Het begrip virtueel heeft een interessante afkomst. Aan de wortels ligt het Latijnse vir, dat man betekent. Het manlijke werd geassocieerd met een effectieve kracht en zo ontstond het woord virtus dat voor deugd staat.[ii] De betekenis werd echter nog abstracter, want deugd werd een deugdzame levenswandel, een kracht Gods en zelfs een wonder.[iii] Van daaruit is het een kleine stap naar de eerste betekenis die Van Dale aan het woord geeft: slechts schijnbaar bestaand.[iv] Dit woordenboek geeft echter als tweede betekenis toch nog als mogelijkheid of vermogen aanwezig, waarmee het virtuele zich niet per definitie in de schijnwereld schuilhoudt, maar ook een belofte van concretisering in zich heeft. Interessant is dat in een oudere Van Dale uit 1992[v] de eerste en tweede betekenis onderling verwisseld zijn, want daar betekende dit woord in eerste instantie een mogelijkheid en pas in tweede instantie een schijn. Ofwel: wat in 1992 nog mogelijk was is vandaag de dag onmogelijk, schijn. Zo volgt de betekenis van de woorden ons eigen geloof in wat mogelijk en onmogelijk is, wat mogelijk werkelijkheid kan zijn en wat schijn blijft.
Second Life als schijn
Niet alleen de manier waarop mensen hun avatars vormgeven en aankleden, ook die dingen die ze maken getuigen vaak van een grootse fantasie. Het lijkt soms alsof ze pas in Second Life echt tot ontplooiing van hun gaven komen, zo mooi en creatief zijn ze bezig in de zogenaamde sandboxes, waar iedereen al zijn lusten op dit gebied kan botvieren. Tijdens een wandeling zweeft plotseling een majestueus schip boven je in de lucht, worden huizen en torens in allerlei stijlen gebouwd, rijden de gekste voertuigen rond, en kun je zelfs waardering vinden voor de kubus die je pest door steeds achter je aan te zweven en enge geluiden te maken. Op een ander eiland van Second Life kwam ik in een Tibetaans landschap een waterval tegen waarin een watermolen was geplaatst die heel ingenieus via een raderwerk een rij vlaggetjes deed wapperen. Zelfs voor spirituele mensen is er plaats genoeg, want ik heb intussen al diverse schitterende tempels bezocht, waar ik tijdens een korte meditatie wierook heb gebrand.
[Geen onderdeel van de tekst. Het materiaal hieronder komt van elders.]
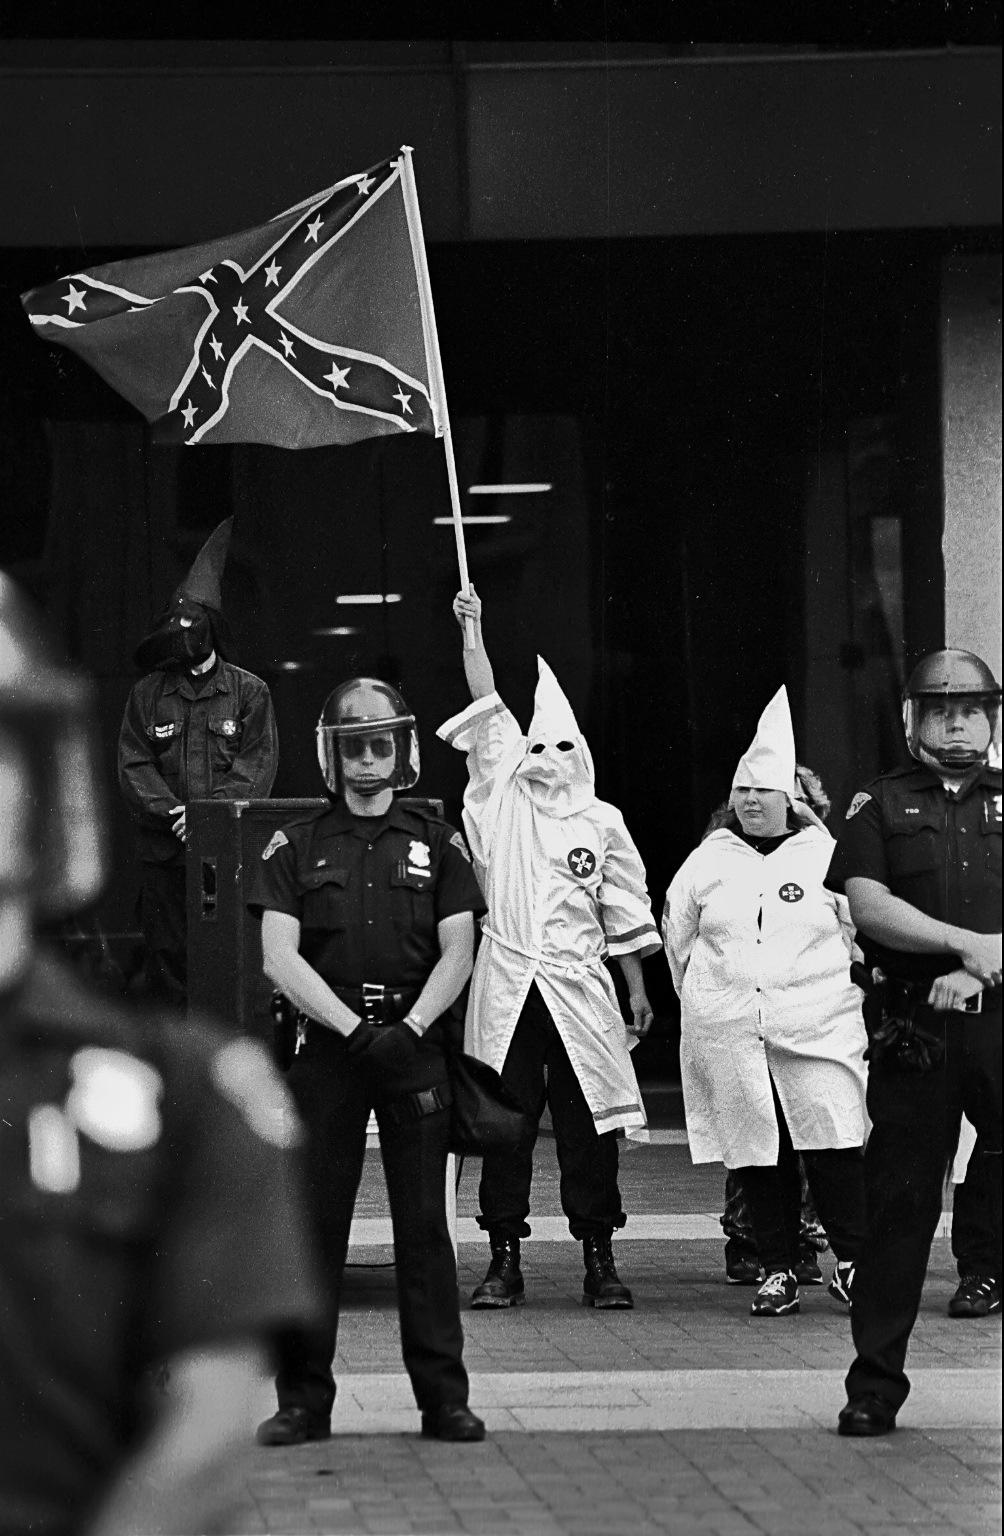 KKK RALLY IN CLEVELAND,OH 1999 by Walter Novak

Vanwaar deze creatieve explosie in Second Life, en niet in Real Life? Omdat het virtuele leven enkele eigenschappen heeft, die in het dagelijkse ‘reële’ leven niet te vinden zijn.
- Je bent onsterfelijk. Dit betekent dat niemand meer macht over je kan hebben omdat je geen middelen om te leven nodig hebt, zoals geld, voedsel en onderdak. Je avatar kan nooit kapot worden gemaakt of door ziekte komen te overlijden, waardoor het leven speels en zorgeloos geleefd kan worden.
- Je kunt je snel verplaatsen. Dit zogenaamde teleporteren lijkt een beetje op de via via’s uit de wereld van Harry Potter, en je komt even onhandig met een dreun weer op je pootjes terecht.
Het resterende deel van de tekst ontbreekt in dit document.